The main road is Connaught Road, a long road containing mixed Victorian terraces, a variety of 1930's semi-detached and larger detached houses. Branching off are smaller cul-de-sacs with more modern houses, some which back onto the canal itself. Along the road, there is a primary school which was established in 1906.

== History ==
Brookwood appears by name (as Brocwud and Brocwude) in the bounds of the Forest of Windsor as set down in 1225, and is depicted within 'Brookewood Walke' on John Norden's 1607 map of the Forest. It was mapped in detail for the first time in 1709, when it was recorded as covering 684 acres (excluding two large internal enclosures) bounded on all but the north-east side by Woking Common. Timber from Brookwood was used for the repair of local bridges in the late sixteenth and early seventeenth centuries, and by 1719 the wood appears to have been stripped of all trees.

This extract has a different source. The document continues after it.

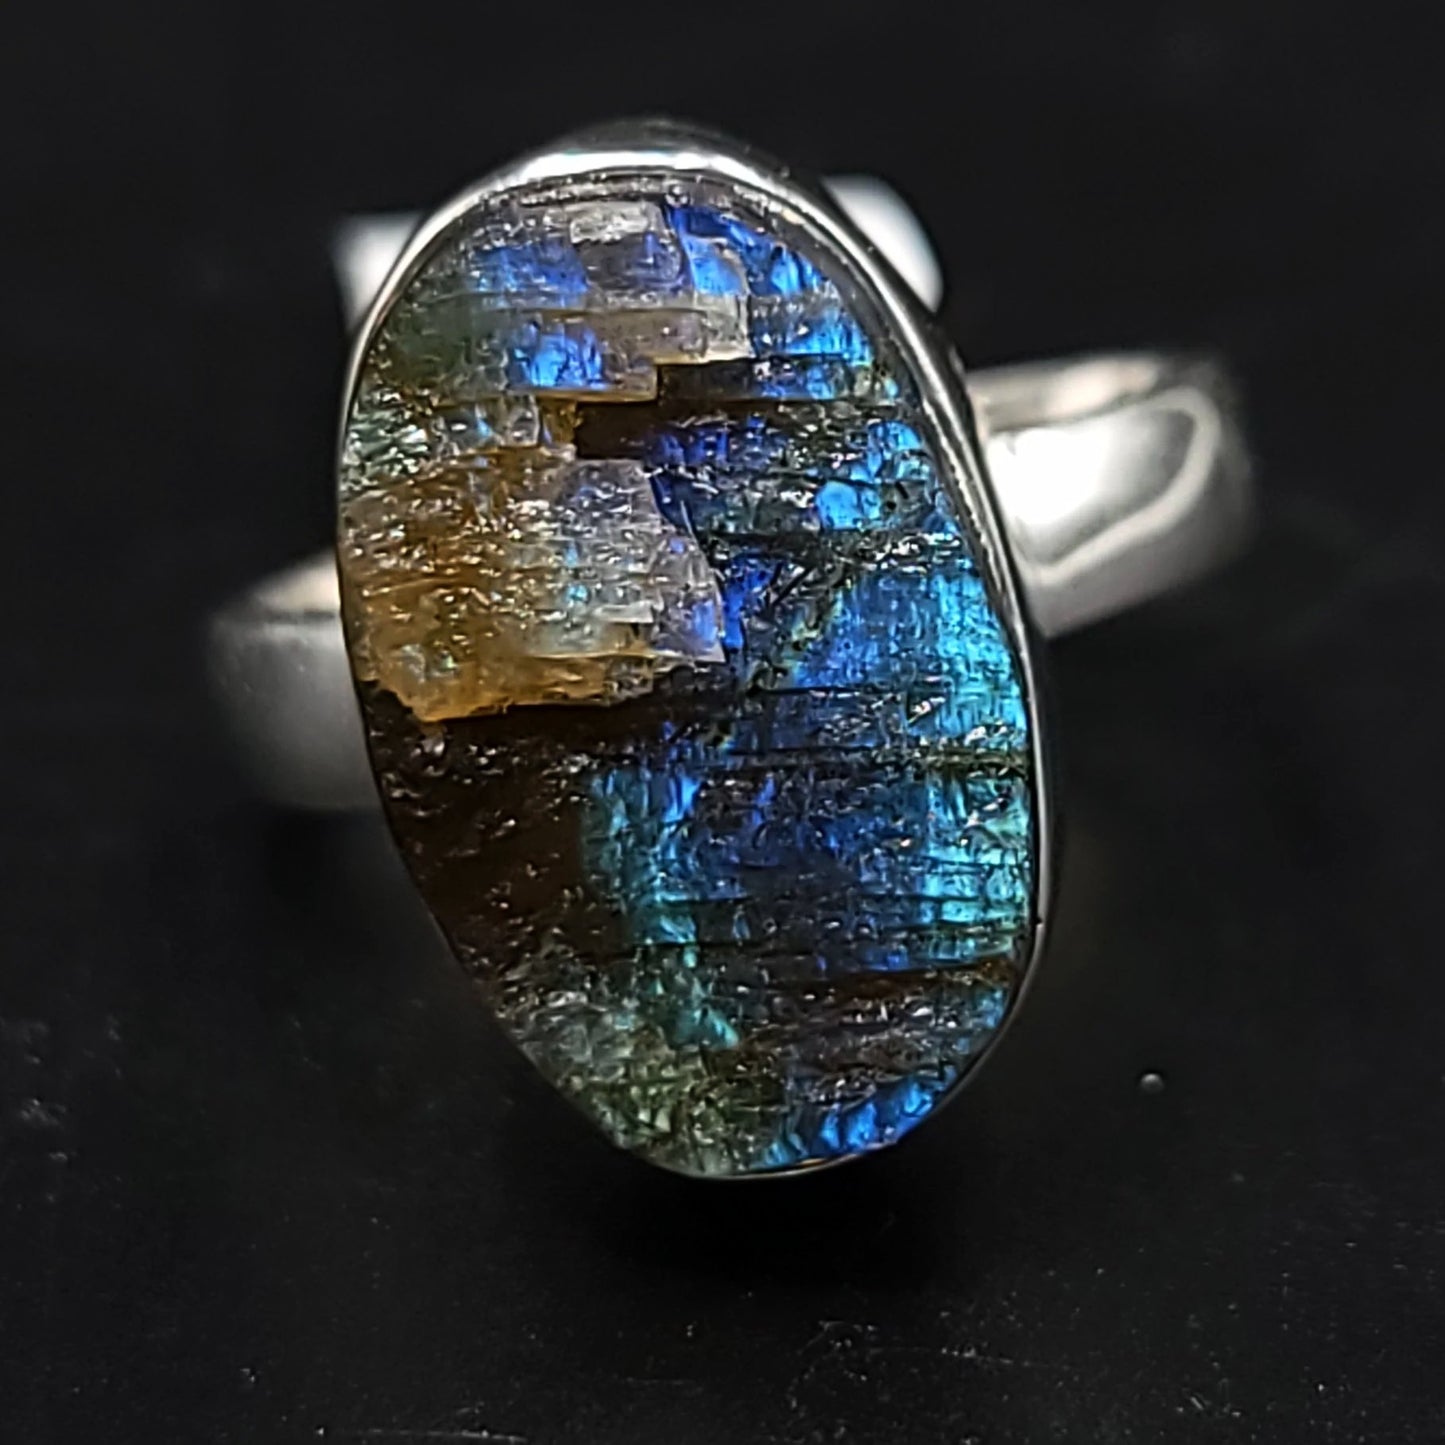 Labradorite Ring Sterling Silver Oval Rough Blue/Green Stone - Elevated Metaphysical
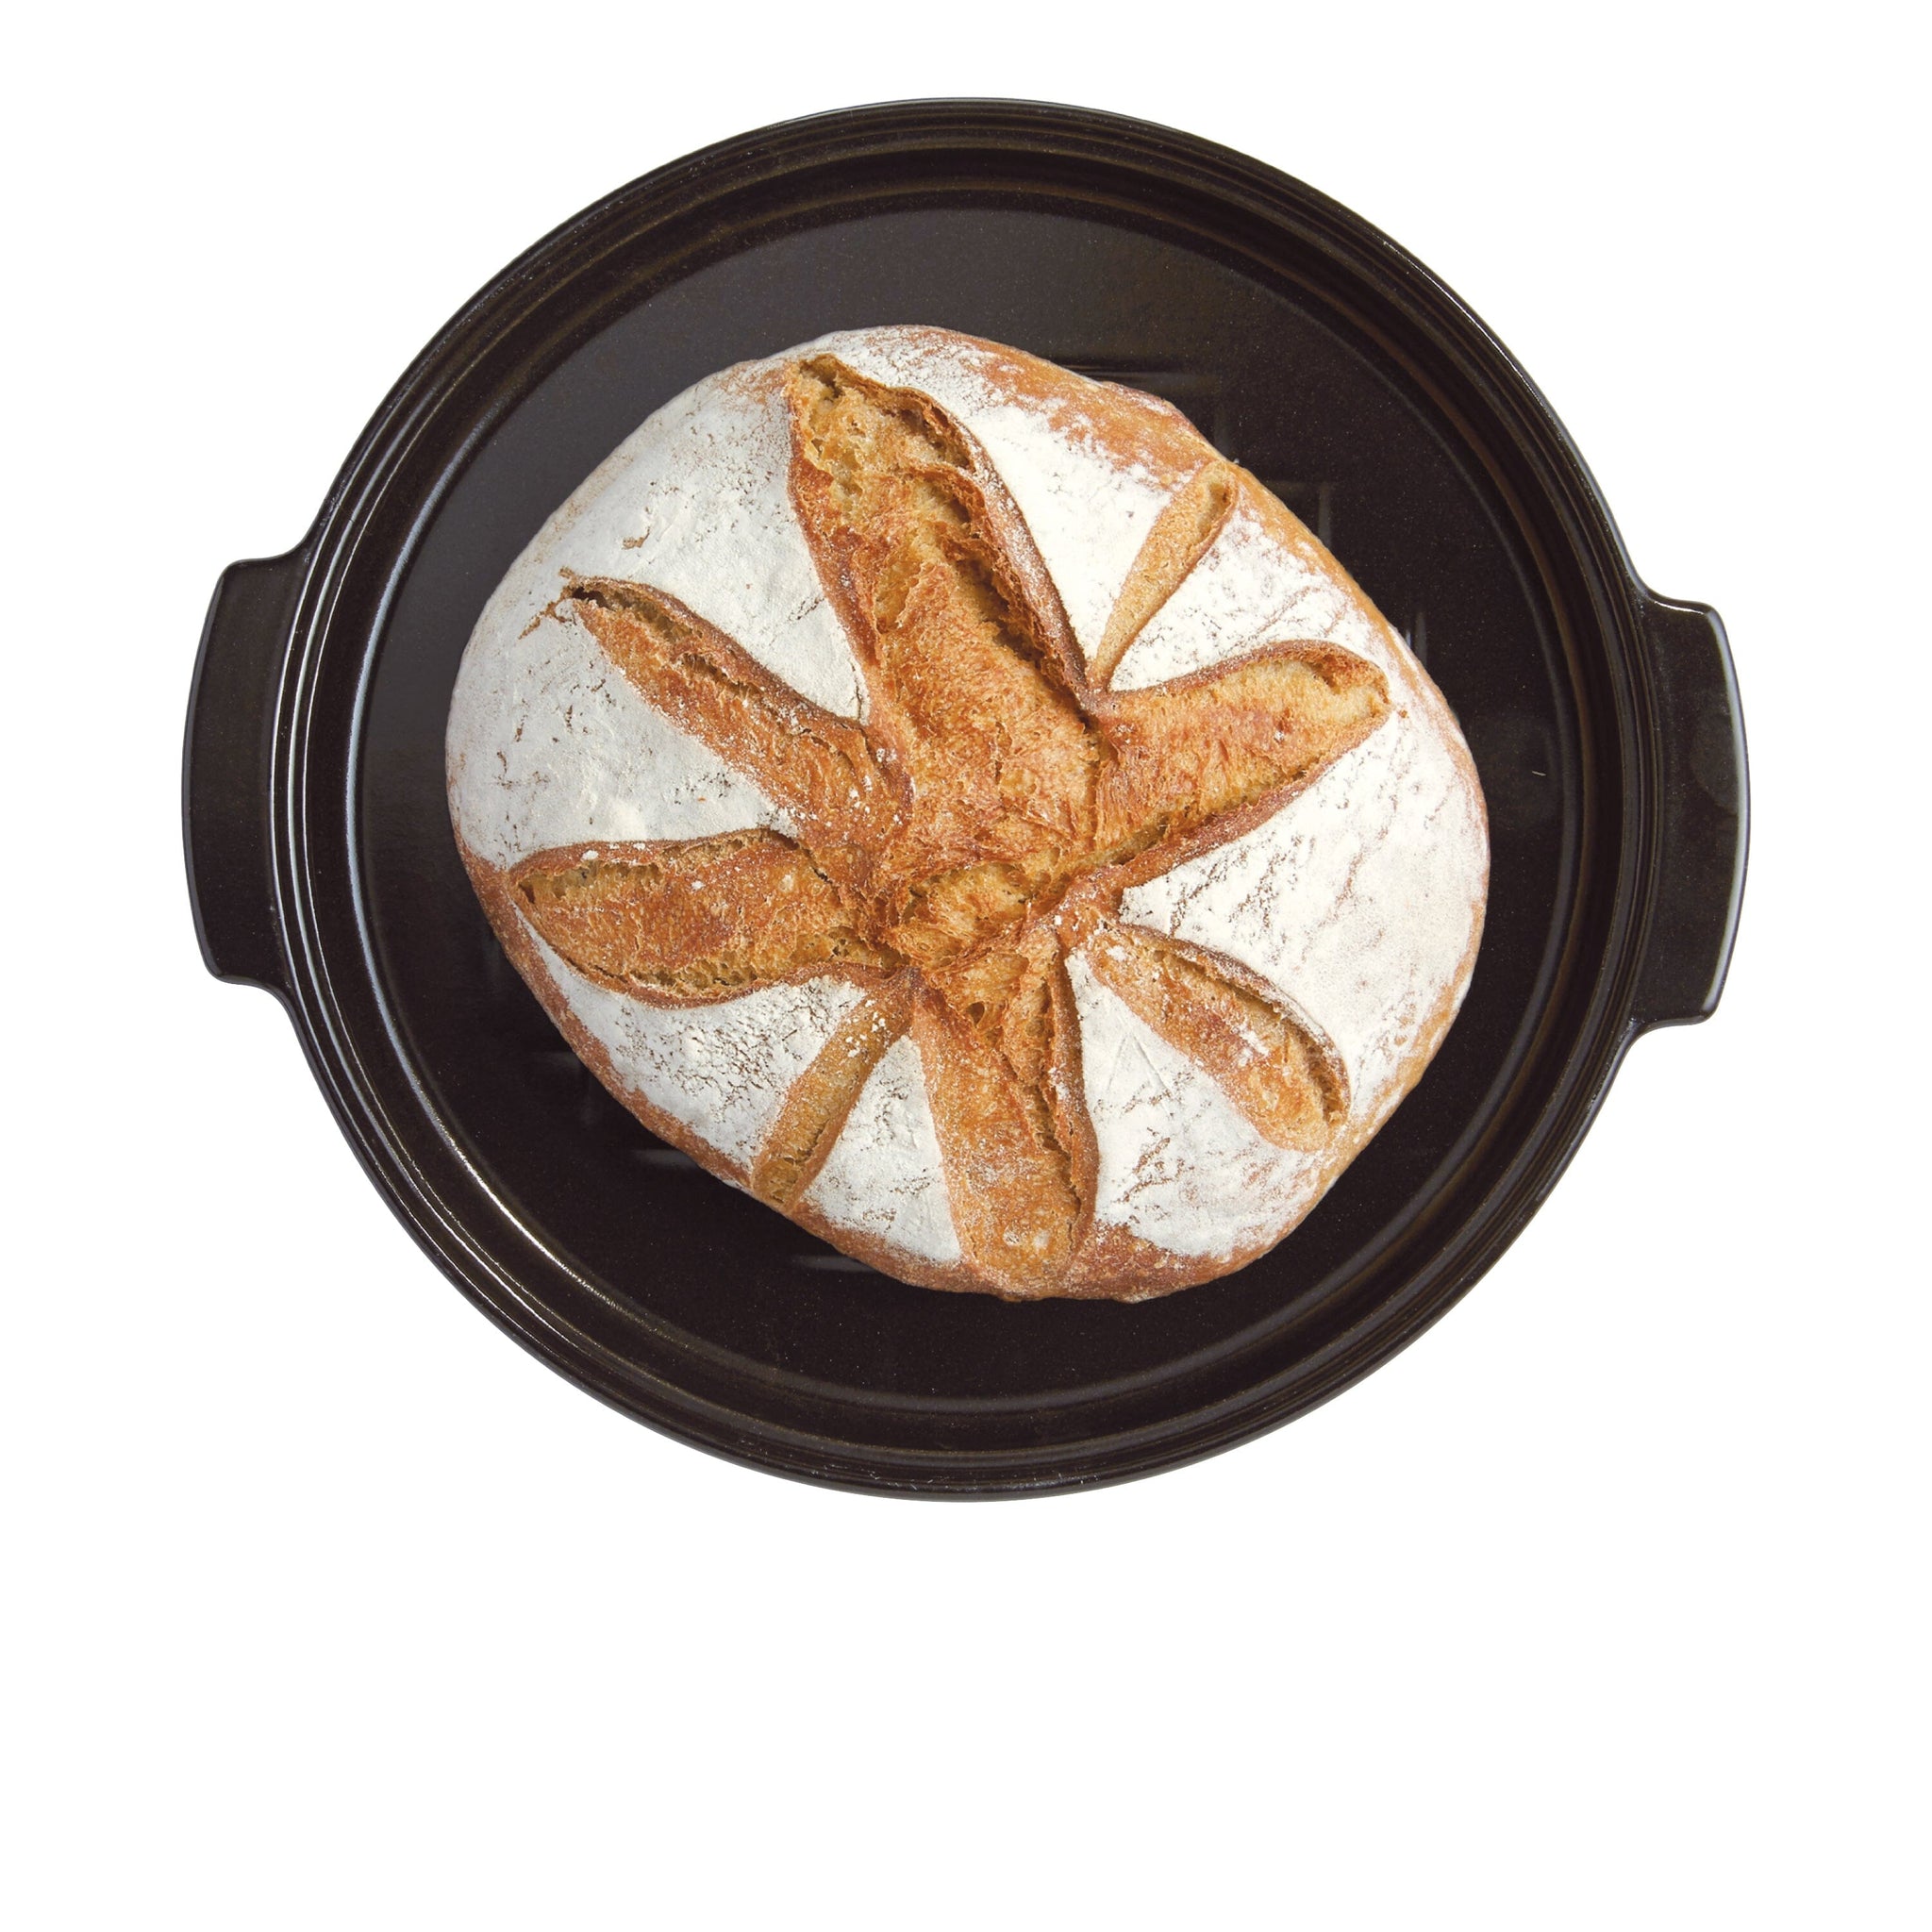 A Beautiful Bake In Our Cloche

The village has grown over the 150 or so years since the vast cemetery and station first set roots in this area. Many of London's dead were buried in Brookwood Cemetery during the Victorian era due to the over-population of the city at that time. The logistics were accomplished using the London Necropolis Railway, consisting of funeral trains running from London Waterloo railway station to Brookwood and subsequently down a small branch line into the cemetery grounds. This branch-line is now disused. The main station and nearby Brookwood Club private members bar are at least 100 years old.

The name, 'Brook wood', refers to the small streams which used to rise within it, and in particular to 'Coresbrook'. The name is unlikely to derive from 'brocc' (meaning 'badger'), although the animal features on the village crest and on the school uniform.

==Transport==
Brookwood railway station is on the South West Main Line, with four trains per hour each way. The junction with the Alton Line is about 1 + 1/4 miles further west. There is also a regular bus service to Guildford, Woking and Frimley.

==Sports teams and organisations==
Brookwood has a football team, Brookwood and District Football Club. Formed in 2007, B & D FC currently play in the Surrey and Hants Border League Division 3. Last season 2009/10 they were winners of the Prince Albert Cup, beating Abbey Rangers 5-4 in the match at Surrey Sports Park.

===Youth organisations===
Brookwood is home to quite a number of youth organisations and clubs. Most of these meet at either the Memorial Hall, St Saviours Church or are based in the school.

Brookwood Scout Group meets in the Brookwood Memorial Hall every week during term time and offers both boys and girls between the ages of six and fourteen with the opportunity to take part in a wide range of activities and adventure. The group is a member of the Scout Association and covers the youngest three age bands that the Association caters for (Beavers, Cubs and Scouts).

===Angling at Brookwood Country Park===
Goldsworth Park Angling Club, established 2015, manages angling at Goldsworth Park Lake and Brookwood Ponds, under license with Woking Borough Council.